* [TASK OBJECTIVE] Without any images, write the listing below out word for word.

* [DATA BLOCK]

━━━━━━━━━━━━━━━━━━━━

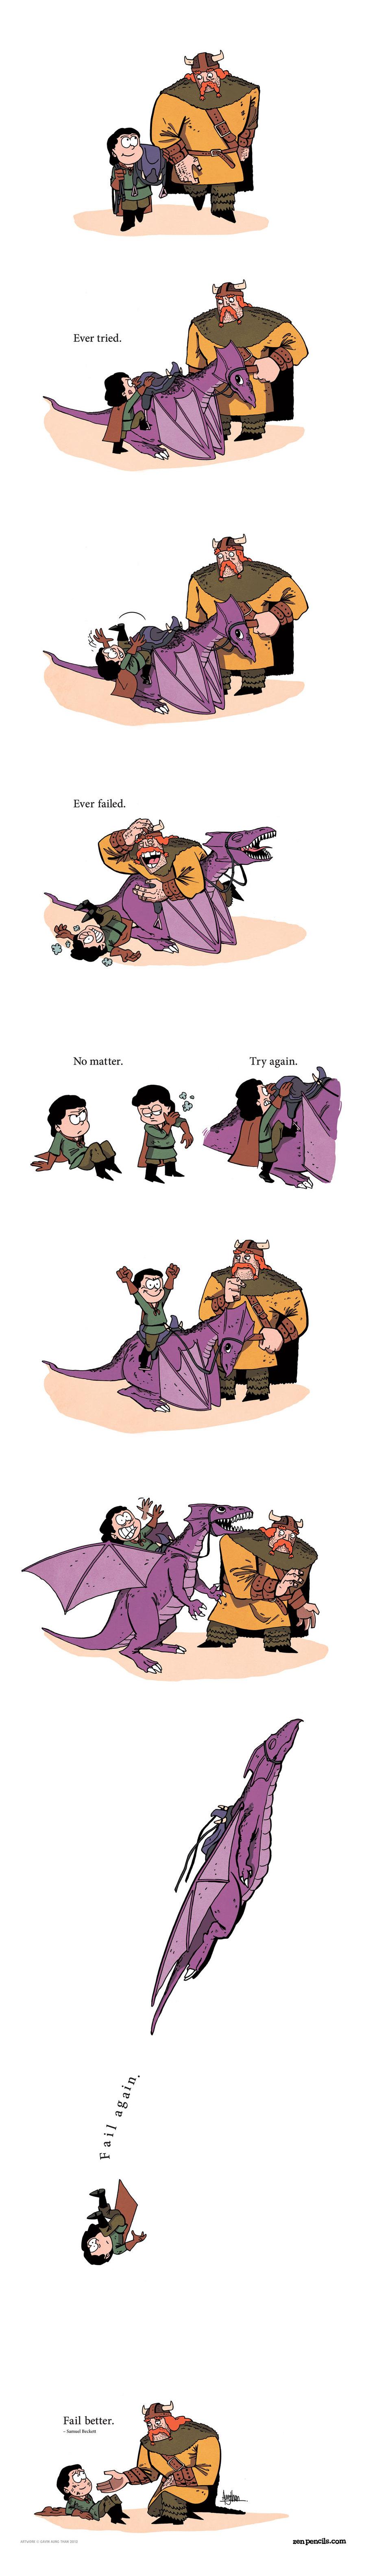 Zen Pencils Comic Strip for October 10, 2016
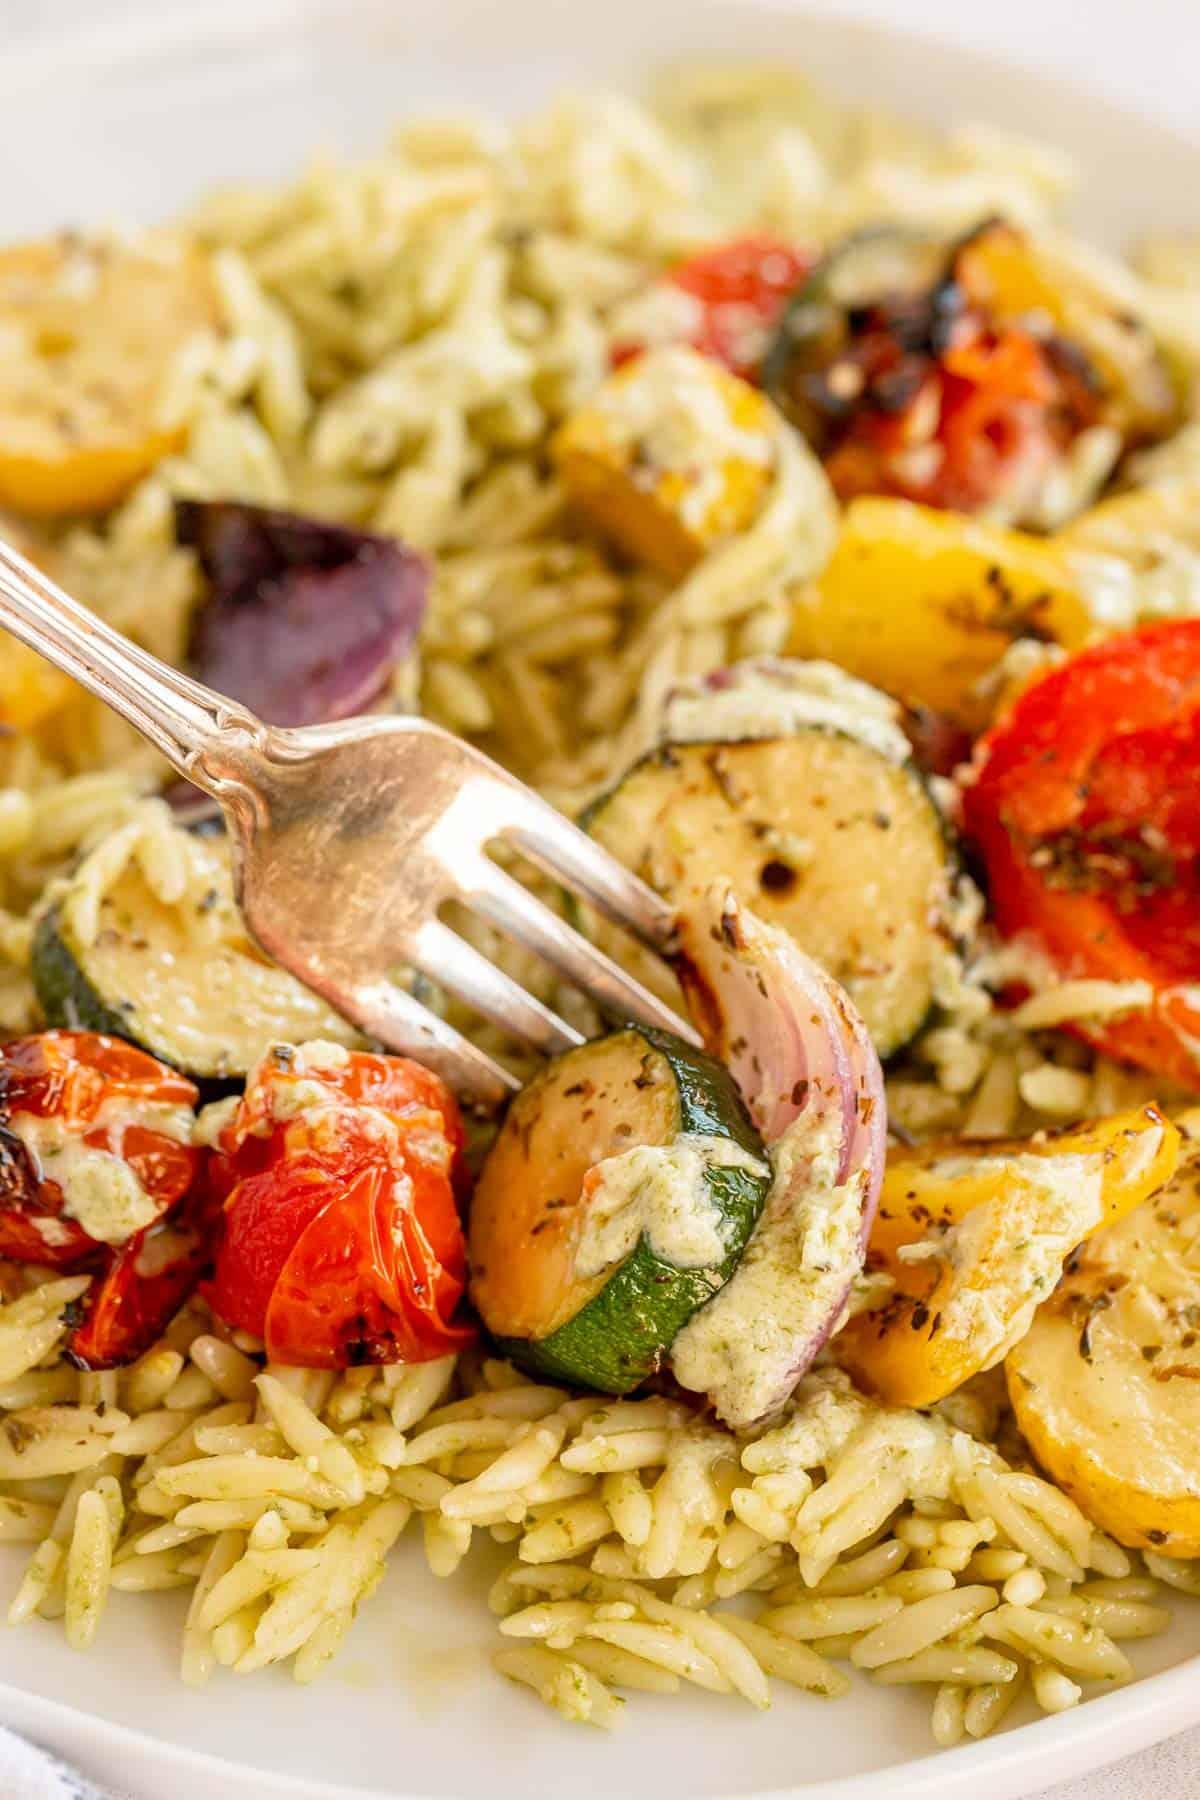 grilled vegetables on a fork
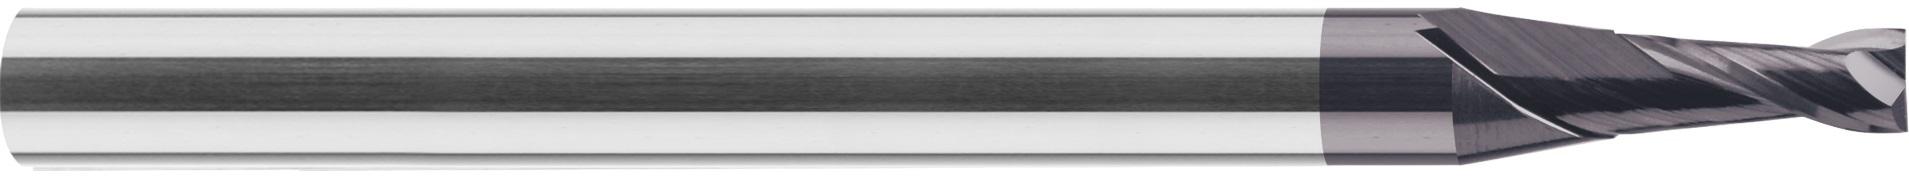 Mini-frez do rowków, chwyt HA, 44 HRc, INOX, VHM TiALN / bez pokrycia (506)

━━━━━━━━━━━━━━━━━━━━

* [YOUR SOLUTION]
 Zen Pencils Comic Strip for October 10, 2016
 grilled vegetables on a fork
 Mini-frez do rowków, chwyt HA, 44 HRc, INOX, VHM TiALN / bez pokrycia (506)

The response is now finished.